Uncallable delegates

FeepingCreature feepingcreature at gmail.com
Wed May 13 02:19:04 UTC 2026


On Tuesday, 12 May 2026 at 11:13:15 UTC, Dukc wrote:
> Now, there are some practically unavoidable corner cases where 
> such unsafe delegates can be created. Consider an abstract 
> class:
>
> ```D
> class A
> {   abstract @safe void foo() const;
> }
> ```
>
> If you convert an object of `A` to `const(A)`, this could be 
> problematic, because the concrete class of the object could be
>
> ```D
> class B : A
> {   int field;
>     @safe void delegate() del;
>     @safe void increment(){field++;}
>     @safe void foo() const {del();}
> }
> ```
>
> and `del` might point `increment` and context to the object 
> itself. The result would be that calling `foo` mutates the 
> object in violation of the `const` qualification.
>

I think this is actually an interesting case that is unrelated to 
the examples in the DIP? The question there is if the delegate 
belongs to the caller or the callee.

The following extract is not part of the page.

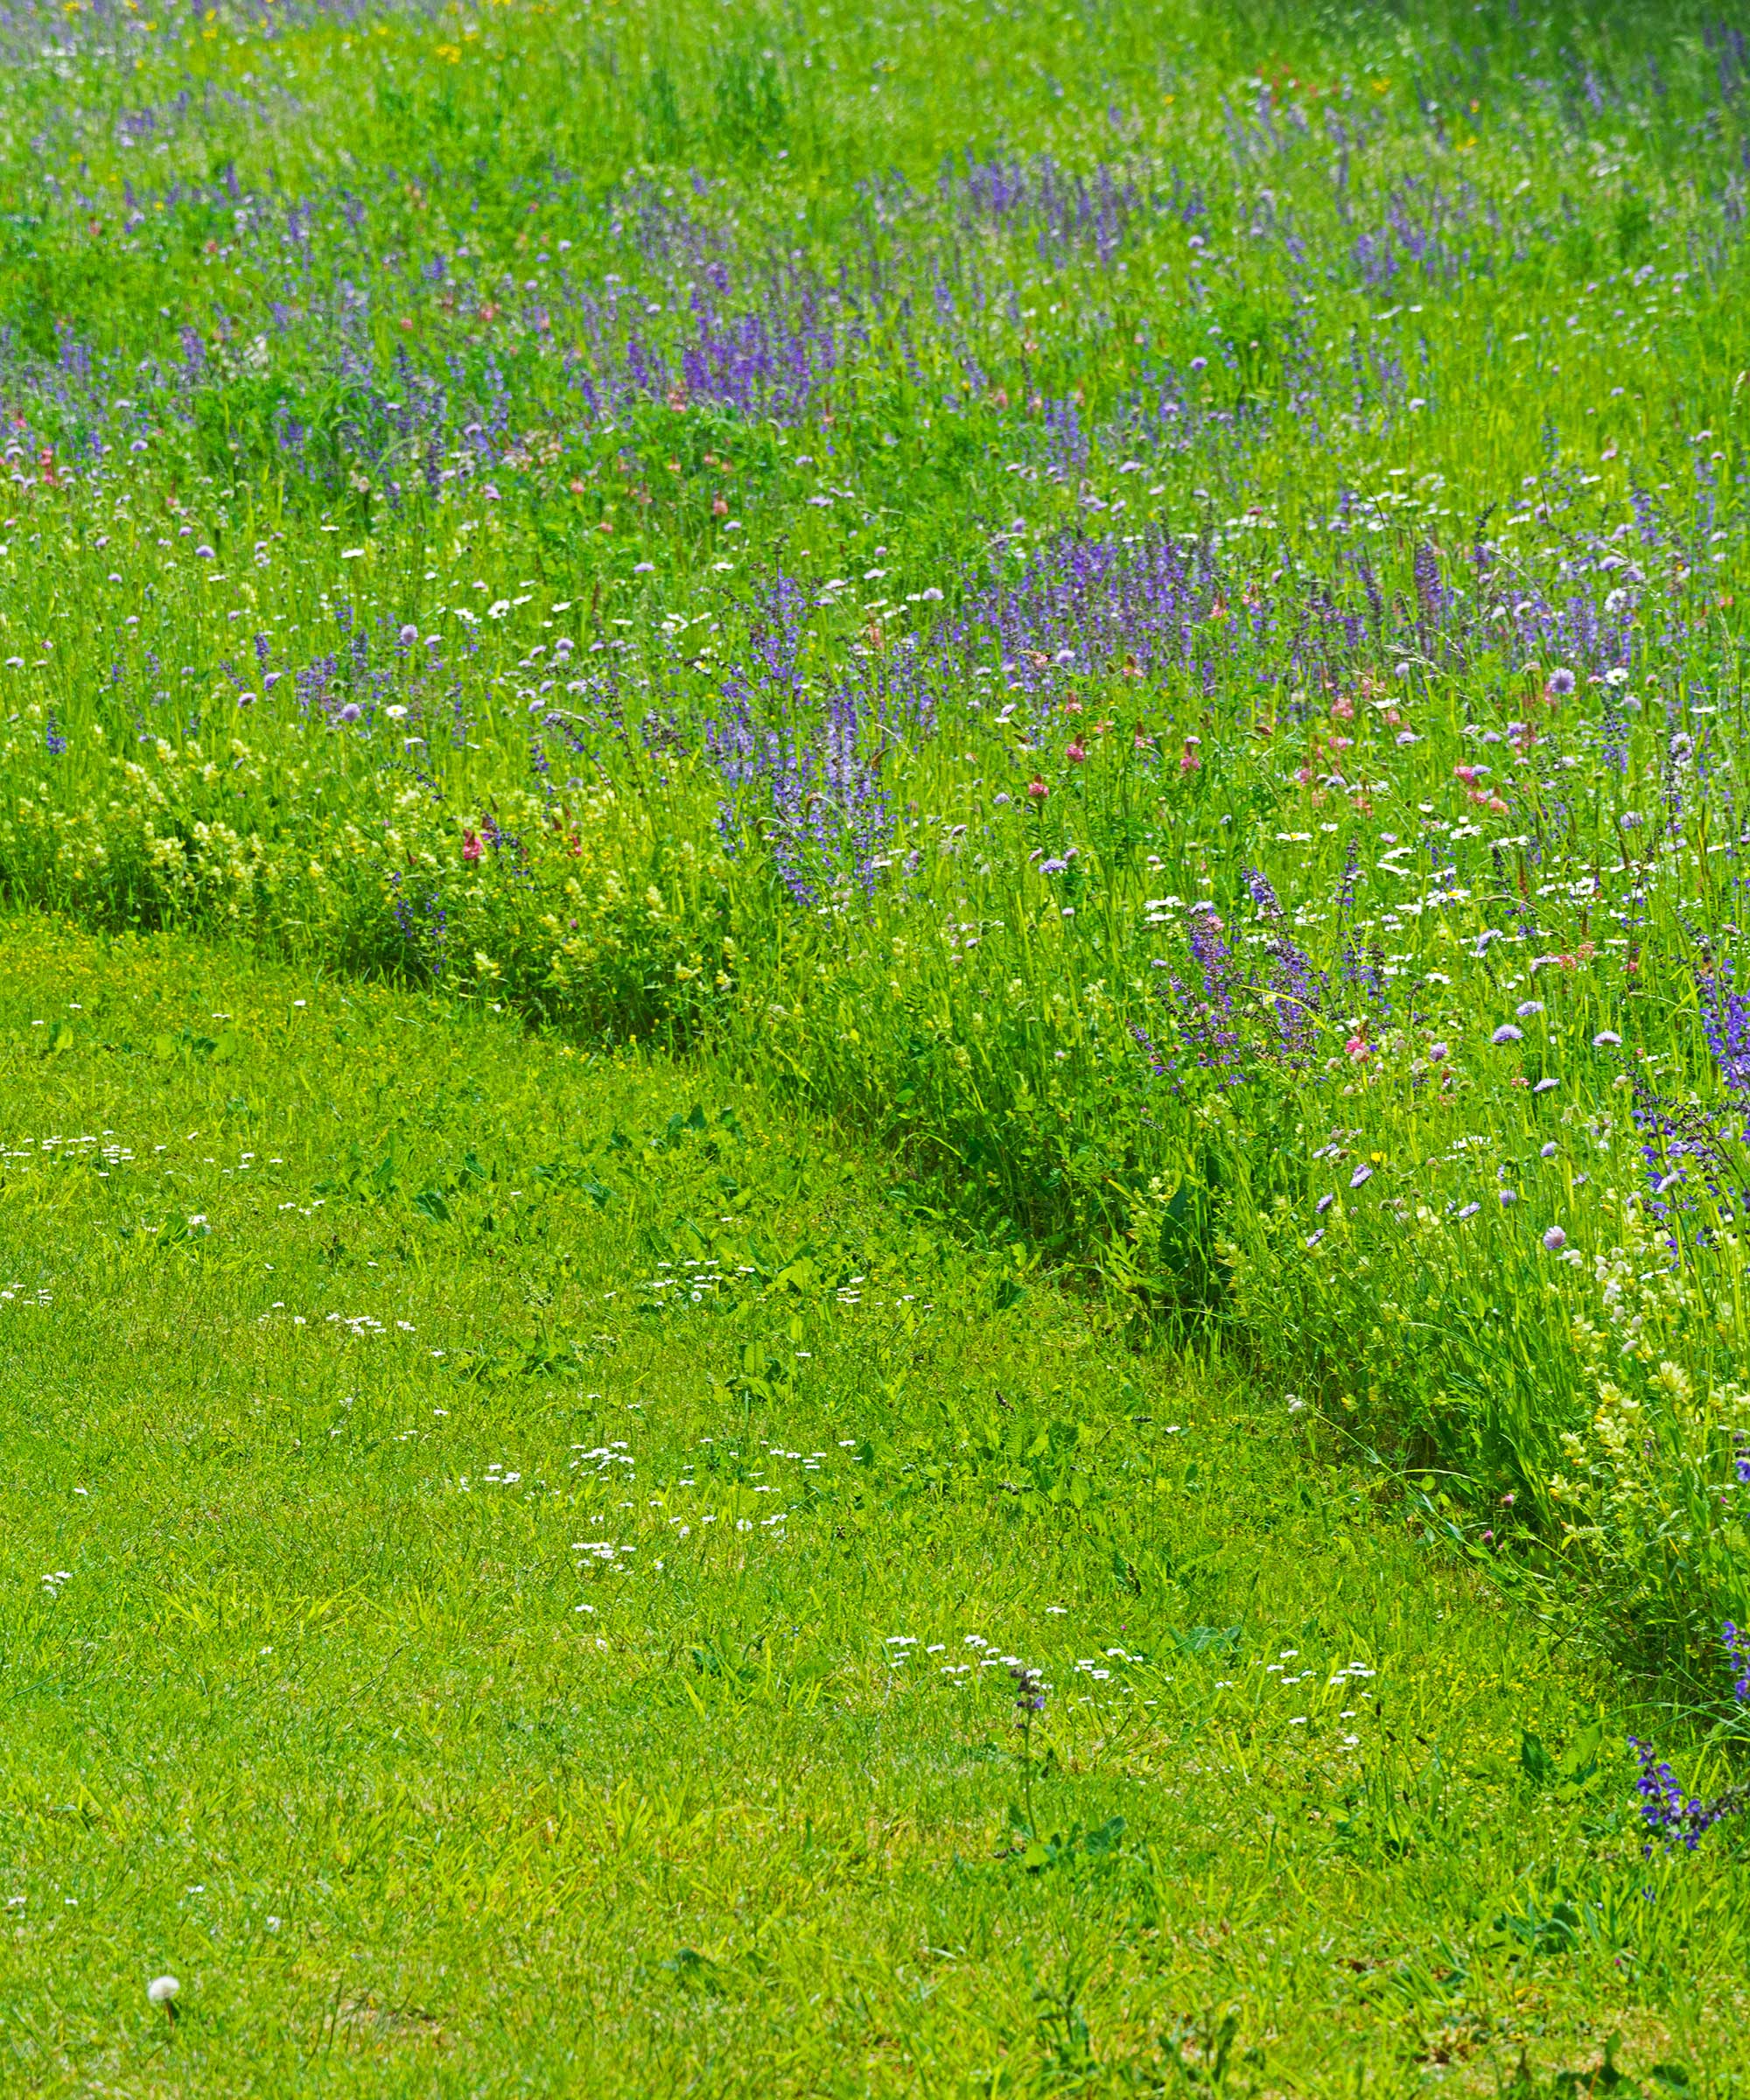 mowed lawn path with wildflowers

For instance, nobody would 
argue that this code is a violation of constness:

```
class A {
   int x;
   int foo() const;
}
auto a = new A;
if (a.foo() == 0) {
   a.x = 5;
}
```
That is, because the caller holds a non-const reference to `a`, 
it is allowed to perform non-const operations on `a`. The 
question then is, if passing a delegate to a const method or 
handing it to a const class, makes the delegate "an effect of the 
method" if called, such that the delegate violates constness; or 
if it's semantically "an effect of the caller", such that the 
action is "performed by the caller, who holds a mutable 
reference."

To me the most debatable case is

```
class A {
     int x;
     int foo(void delegate() dg) const { dg(); }
}
auto obj = new A;
obj.x = 3; // we can unquestionably mutate obj
auto dg = { obj.x = 4; }; // we can unquestionably wrap up the 
ability to mutate obj
obj.foo(dg); // can we pass it to a method that is nominally 
const on obj?
```

I agree with the DIP, as far as I understand it, but this example 
does not seem like it is covered by it, and I don't think it 
should be either. Am I missing something?